The new Health and Safety at Work Act will come into being in April 2016. One of the questions that comes up regularly is, what is the effect of the new law if you are working at home or if work is being undertaken at your home? This becomes particularly relevant during the extended holiday break when business owners or employees are sometimes called upon to do extra work from home.
In this situation not much will change from what is currently the case under the Health and Safety in Employment Act 1992. If you are working from home it’s your responsibility to look after your own health and safety in that workplace. If you are an employer and you have staff who work for you from home then it’s your responsibility to make sure the place where they are working is safe.
If you are undertaking office work at home then the relative risks are low of course. Compare this to a diesel mechanic who decides to take a vehicle home to his own garage to do extra weekend work. The risk profiles are obviously quite different when you are comparing a vehicle hoist failing, to tripping on a computer cord.
Whatever the situation, an employer will have a duty to ‘ensure so far as reasonably practicable’ the health and safety of their workers, no matter where they work.

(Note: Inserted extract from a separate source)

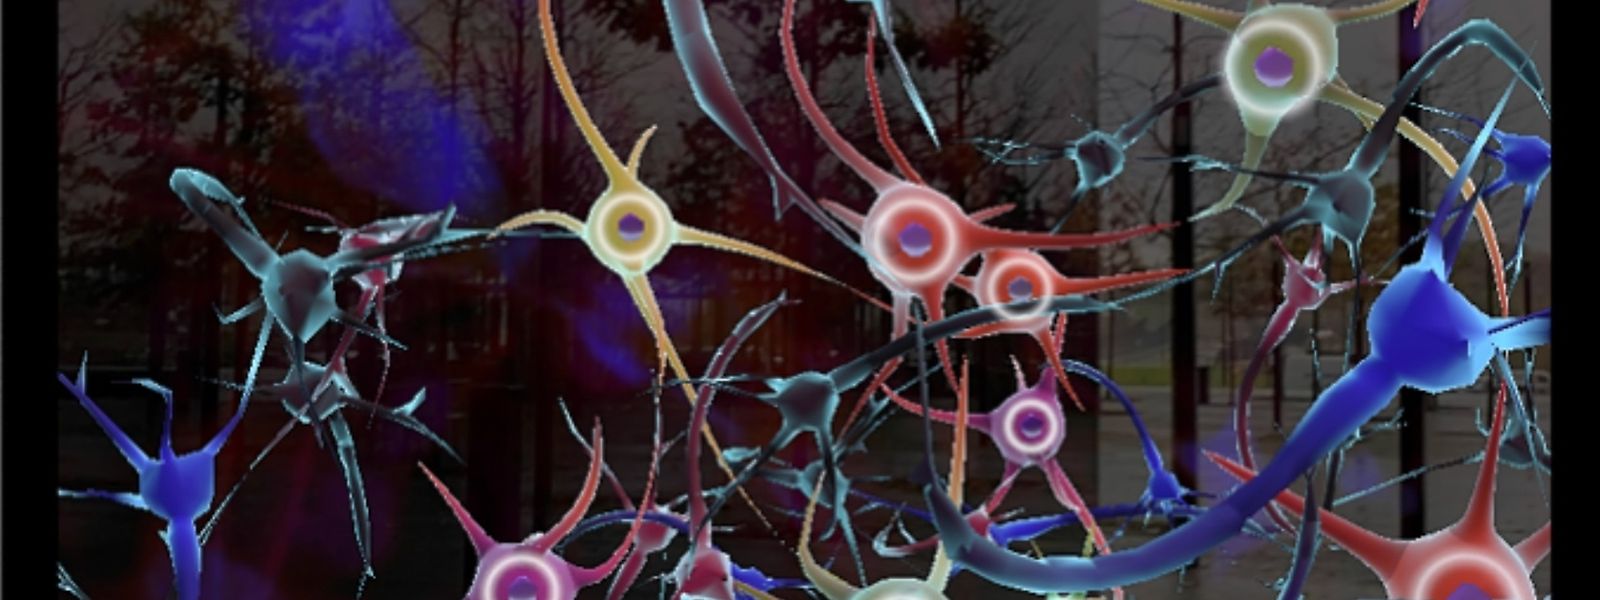 Die App lässt Wissenschaftsbegeisterte in acht unterschiedliche Themenwelten eintauchen. In der hier gezeigten Grafik werden die Neuronen im menschlichen Gehirn dargestellt. 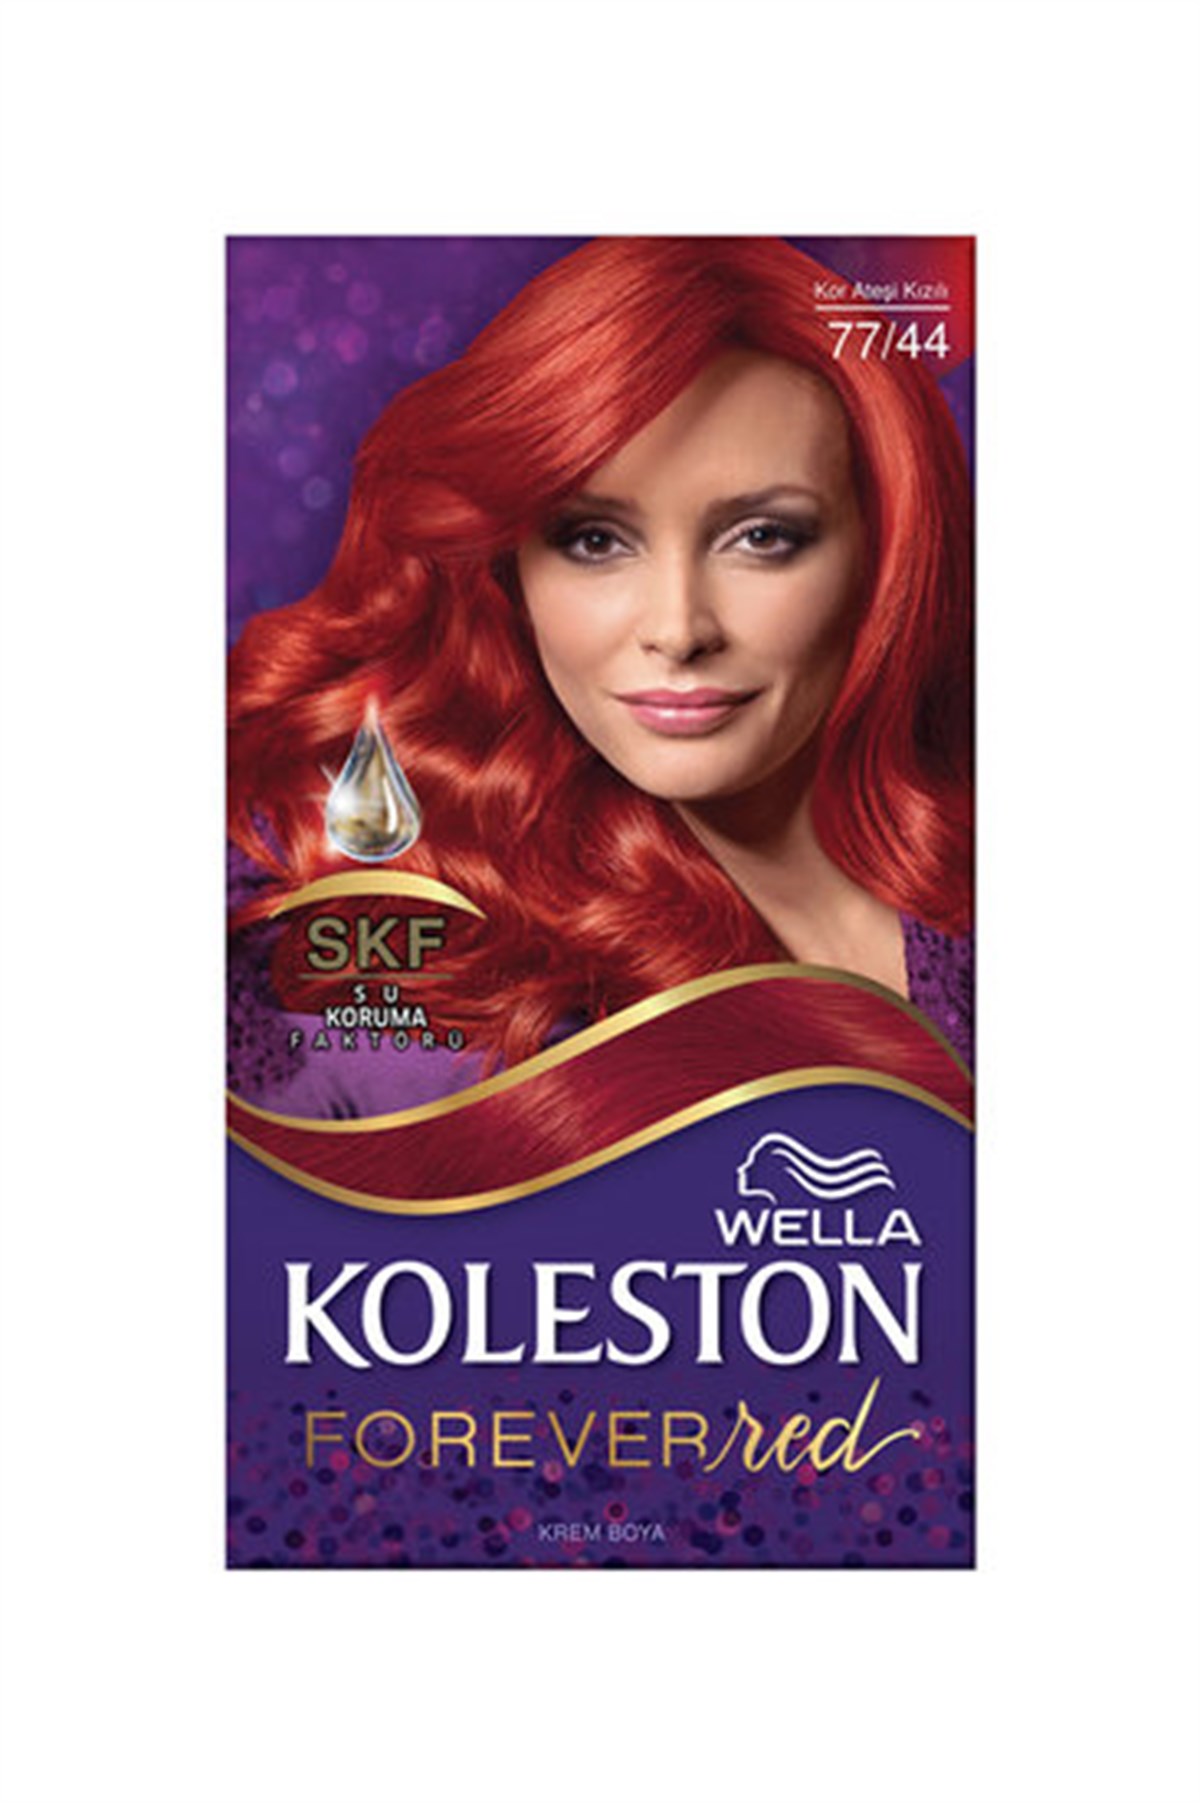 Koleston Set Saç Boyası 77/44 Kor Ateşi Kızılı

The other situation that arises is your responsibilities if a tradesperson or contractor comes to your home to undertake work on your property. What are your responsibilities here? In the usual situation when you have an electrician or builder for example, coming to your home as a residential homeowner or occupier, you usually have no workplace health and safety responsibilities for those tradespeople . In this circumstance the tradesperson will assume all workplace health and safety duties. This is because the place where the tradesperson is undertaking their job, becomes their ‘workplace’. Therefore where they are working at your house is the area where they must ensure the health and safety of themselves and their employees.
The Health and Safety at Work Act 2015 will make special provisions for homes on farms. The new law will not apply to the main dwelling house on farms or any other part of the farm unless work is being carried out in that part of the farm at the time.
In our view this is a sensible exception for farmers who are in an unusual situation compared to most businesses. Farms often have family homes located in the middle of large business operations. Also, farms have large areas that are sometimes not in operational use but may be used for other purposes such as recreation. Businesses in most other industries don’t have these characteristics. So it makes sense for farmers to have some flexibility around the definition of where their ‘workplace’ is located and where their workplace health and safety responsibilities extend on the farm.